Fig. 12. Multiple variable sized, biopsy-confirmed hypervascular hepatic metastasis of a pancreatic neuroendocrine tumor in a 65-year old male patient with chronic hepatitis B with multiple liver nodules on outside sonography.

Fig. 12

Open in a new tab

A-D. Axial pre (A), arterial (B), portal (C), and delayed (D) phase images of multiphasic CT show multiple arterial enhancing nodules (arrows) with subtle washout in both hemi-livers. The CT images also show a 5-cm mass lesion in the pancreatic tail (not shown).

E-G. Gadoxetic acid-enhanced pre (E), arterial (F), and portal (G) phase MR images show multiple hypervascular nodules in both hemi-livers, with a 5-cm heterogeneous enhancing lesion in the pancreatic tail (not shown).

H. T2-weighted fast spin-echo shows nodules with hyperintensity portions, suggesting internal cystic portions.

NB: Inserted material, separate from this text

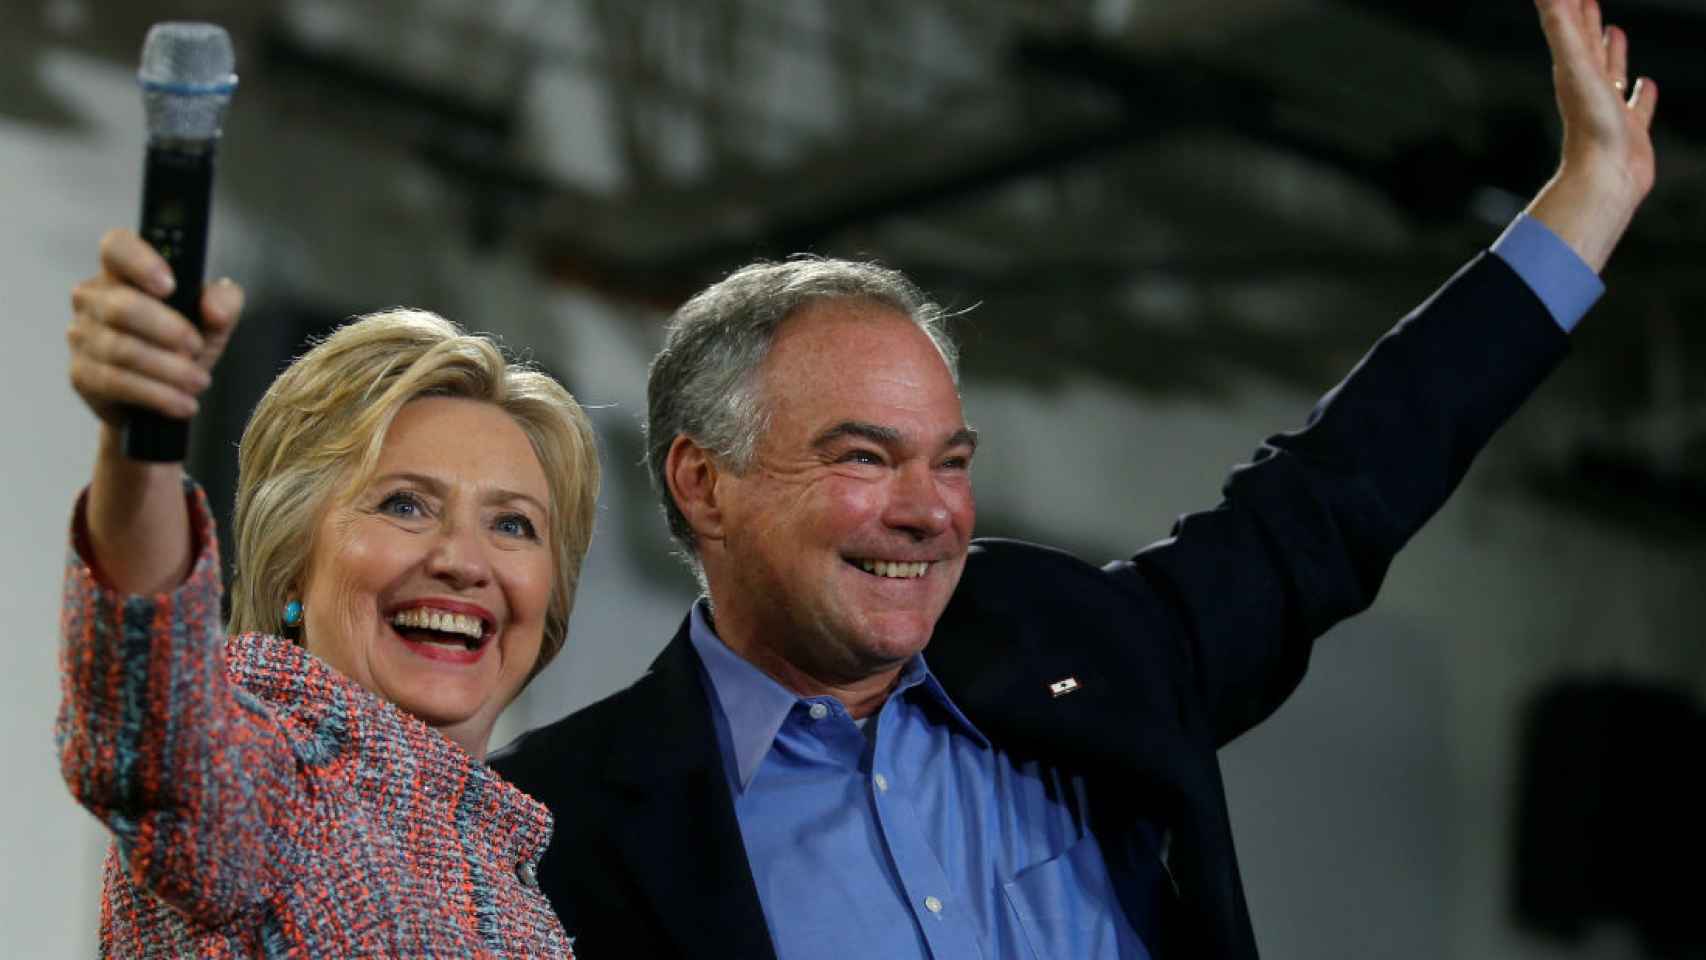 Hillary Clinton, en una imagen junto a Tim Kaine hace unos días en Virginia

MALIGNANCY MIMICKING BENIGN LESIONS

HEPATOCELLULAR ADENOMA

Hepatocellular adenoma (HCA) is the third most common benign liver tumor, with female predominance associated to the use of oral contraceptives (41). Most HCAs demonstrate hypervascular features and hypointensity in the HBP, mimicking HCC. In particular, β-catenin–activated HCA, a subtype of HCA, typically presents arterial hyperenhancement with washout and iso- or high SI in the HBP owing to increased expression of nuclear β-catenin, glutamine synthetase, and OATP1B3 (Fig. 13) (42). Although the majority of HCA typically occurs in noncirrhotic livers in female of child-bearing age, it remains difficult to distinguish early HCCs from HCAs.

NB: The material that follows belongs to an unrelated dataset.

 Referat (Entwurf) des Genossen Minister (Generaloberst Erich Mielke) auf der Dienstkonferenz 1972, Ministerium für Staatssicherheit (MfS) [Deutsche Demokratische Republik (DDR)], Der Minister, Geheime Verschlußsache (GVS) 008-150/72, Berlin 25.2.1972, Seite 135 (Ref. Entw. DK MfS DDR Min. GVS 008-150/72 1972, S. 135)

Fig. 13. A 6-cm surgically-confirmed hepatocellular adenoma, β-catenin-activated type in a 36-year old male patient with liver function test abnormality.

Fig. 13

Open in a new tab

A-D. Axial pre (A), arterial (B), portal (C), and delayed (D) phase images of multiphasic CT show an ill-defined low density lesion at S8 of the liver with minimal arterial hyperenhancement and subtle wash out (arrow), which is an incidental liver lesion of indeterminate malignancy. The dotted lines on the arterial phase image indicate the tumor margin.

E-K. Gadoxetic acid-enhanced arterial subtraction image (E), portal venous (F) transitional (G), and hepatobiliary (H) phase MR images reveal an arterial hyperenhancing mass (arrows) with internal fat deposition (arrowheads) on opposed-phase (I), in-phase (J), and fat-only (K) images by Dixon techniques and iso- or hyperintensity on the hepatobiliary phase (arrow) at the right hepatic dome, suggesting β-catenin activated hepatocellular adenoma.

L, M. The diffusion-weighted (L) and apparent diffusion coefficient map (M) images show a mass with mild diffusion restriction.

FOCAL NODULAR HYPERPLASIA

Focal nodular hyperplasia (FNH) is the second most common benign hepatic tumor and usually occurs in the non-cirrhotic liver of middle-aged female (42,43). FNH usually presents with arterial hyperenhancement and central scar enhancement in the delayed phase, and shows ring-like enhancement in the HBP owing to surrounding hyperplastic hepatocytes with decreased OATP expression (Fig. 14) (43). Because atypical HCCs can also show hyperintensity on HBP, it may be necessary for differentiating FNHs from HCCs with hyperintensity on HBP images.

Fig. 14. A 1.6-cm FNH in a 28-year old female patient with liver function test abnormality and no risk factors for hepatocellular carcinoma.

Fig. 14

Open in a new tab

A-D. Axial pre (A), arterial (B), portal (C), and delayed (D) phase multiphasic CT images show a small nodule (arrows) at segment VI/VII of the liver with arterial hyperenhancement and washout (arrows).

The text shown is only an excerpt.